Another example of how VBG is helping bridge the gap between the digital and the physical realms is its client the TV show The Voice that’s shown in one-hundred and eighty countries.
“We really have a devoted group of loyal consumers — who, in the era of declining TV — still tune in every week,” Hochberg said. “Last November, we launched The Voice in Decentraland’s Metaverse Music Festival. The festival had over one-hundred and seventy [musicians] — from Ozzy Ozbourne to Björk — and we were the only TV show in it.”
VBG allowed Decentraland users to meet the coach avatars of Blake Shelton, Gwen Stefani, John Legend and Camilla Cabello and to take a selfie in the big red chair. They could also apply to be on the show, he said. “It was the first time NBC had ever done a metaverse activation and it was wildly successful,” he said. “I’m not ready to announce anything, but when something is that successful, it typically leads to something next.”
That “something next” could be anyone’s guess, but VBG’s presence in the metaverse is helping brands present themselves in a different light, apart from how they’ve come to be known in the real world by creating a new virtual identity.
“One of the things VBG has become known for is its ability to redefine the way a brand thinks of itself,” Hochberg said. “Take Forever 21. There was an article written last December, which was our 12 month anniversary [in the metaverse], and it said Forever 21 was one of the top 10 fashion brands in the metaverse. Not bad for twelve months of work, but here’s what’s important. The other brands were the likes of Balenciaga, Prada, Gucci, Polo, Nike, Adidas. In the physical world, Forever 21 – -despite all of its success — is never in the ultra luxury box with Balenciaga and is never in the hyper-marketing performance box with Nike.”

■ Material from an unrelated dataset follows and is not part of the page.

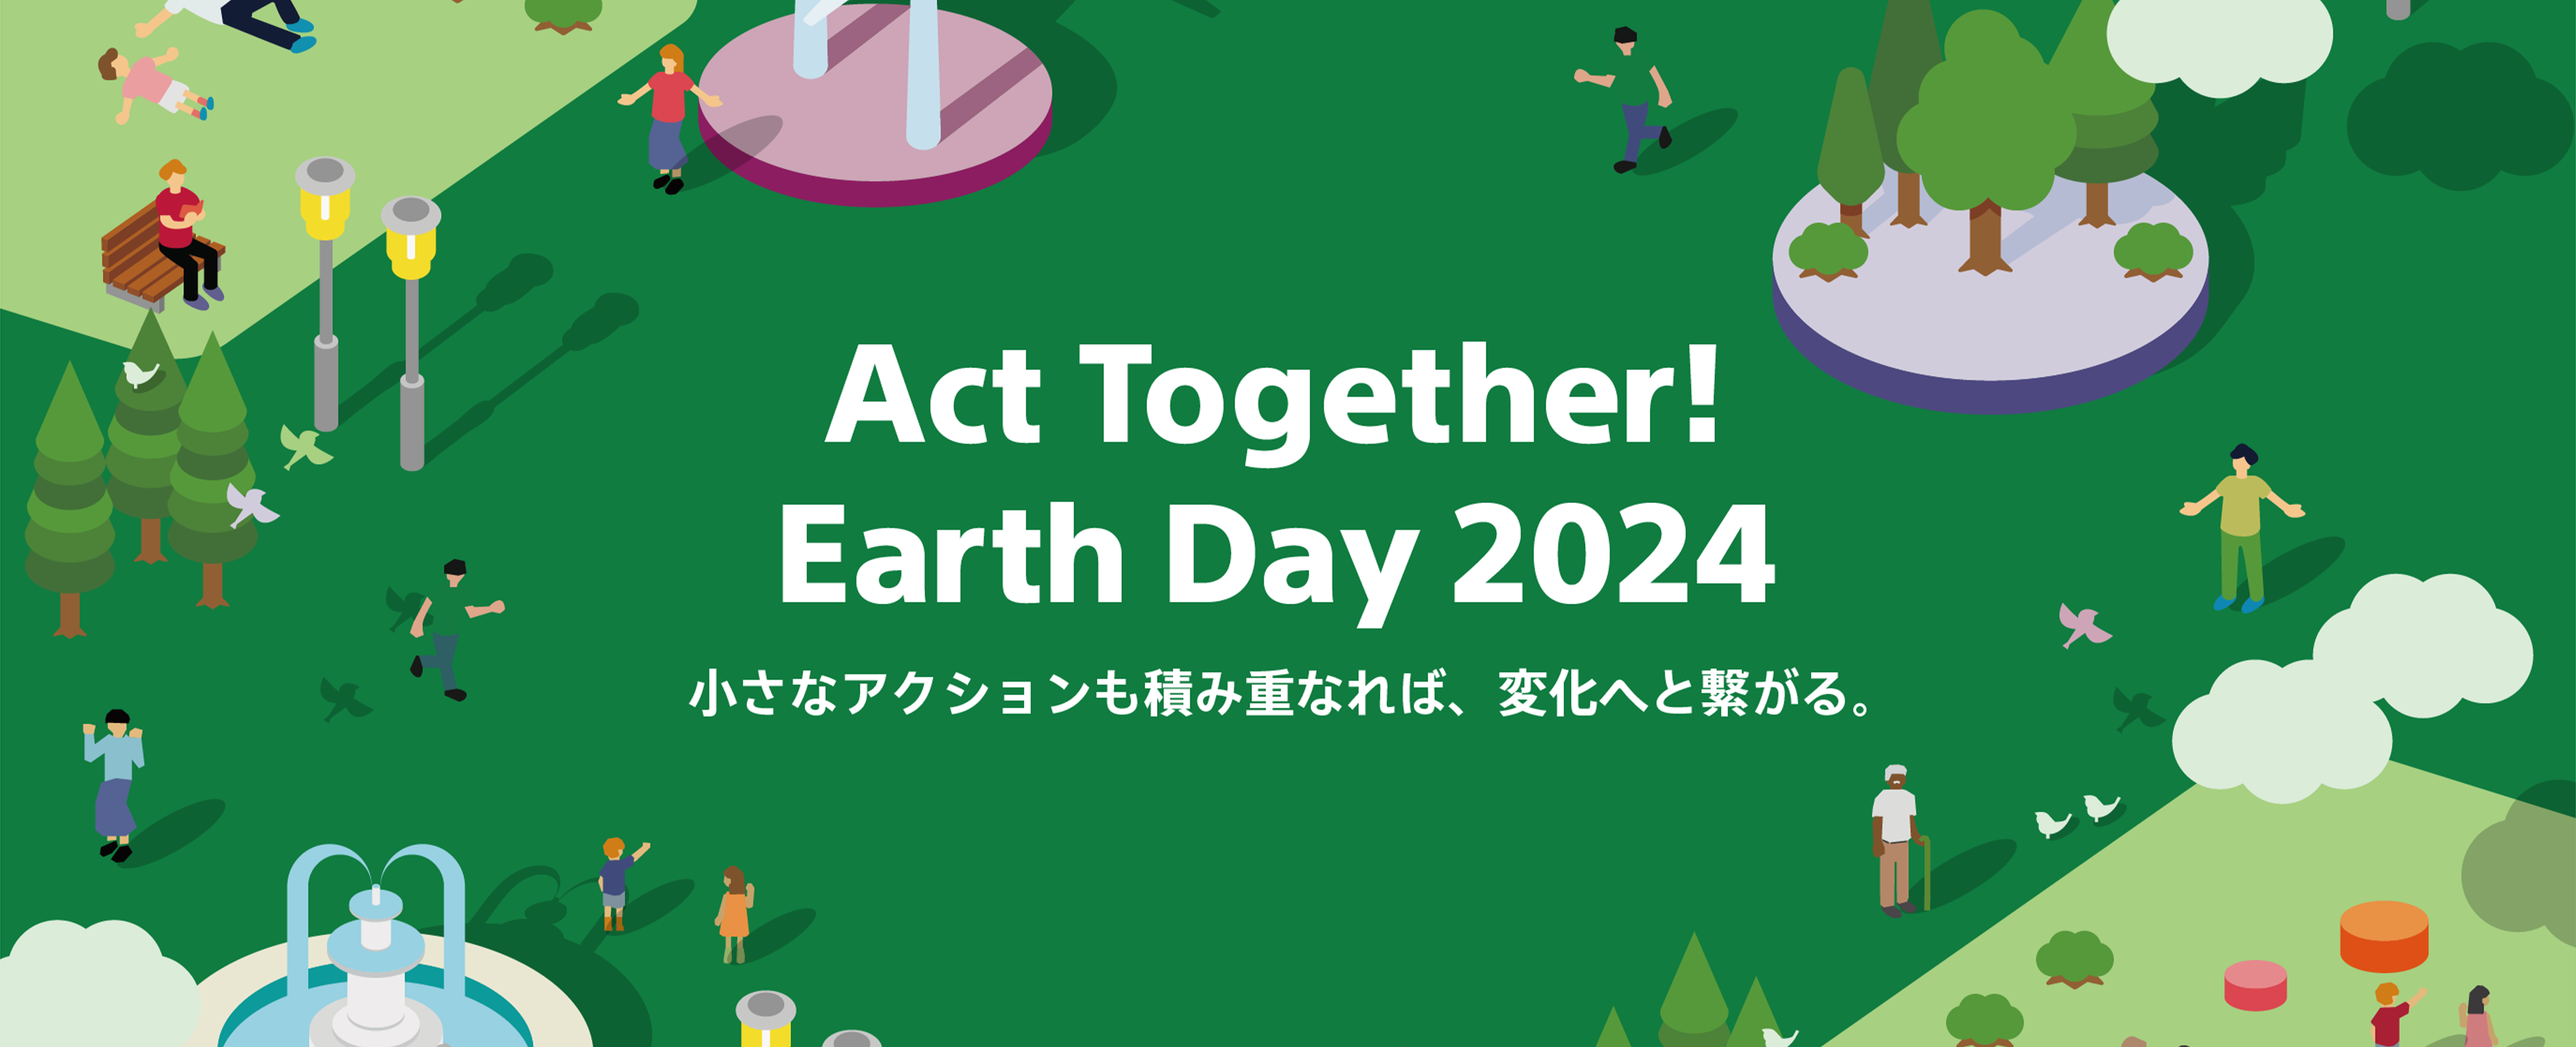 地球とさまざまな人のイラストが描かれている。「Act Together! Earth Day 2023- 小さなアクションも積み重なれば、変化へと繋がる。」と文字が書いてある。

He continues, “through our efforts in eleven and a half months, we were able to create a persona for Forever 21 in the metaverse. That’s not to say it’s better or worse than their physical world persona, but in the metaverse under VBG, brands have the opportunity to be whoever they want to be in whatever category they want to be. We can help push them into adjacent or far away spaces that embody a brand’s specific DNA. When it costs the same amount of time and money to make a racecar as it does a t-shirt in the metaverse, you can be anything you want.”
The ability to “be anything you want” as a brand enables companies to take more chances, and allows people to start thinking about your brand in a different way. “The metaverse is basically the best new-product development system that’s ever been invented,” Hochberg said.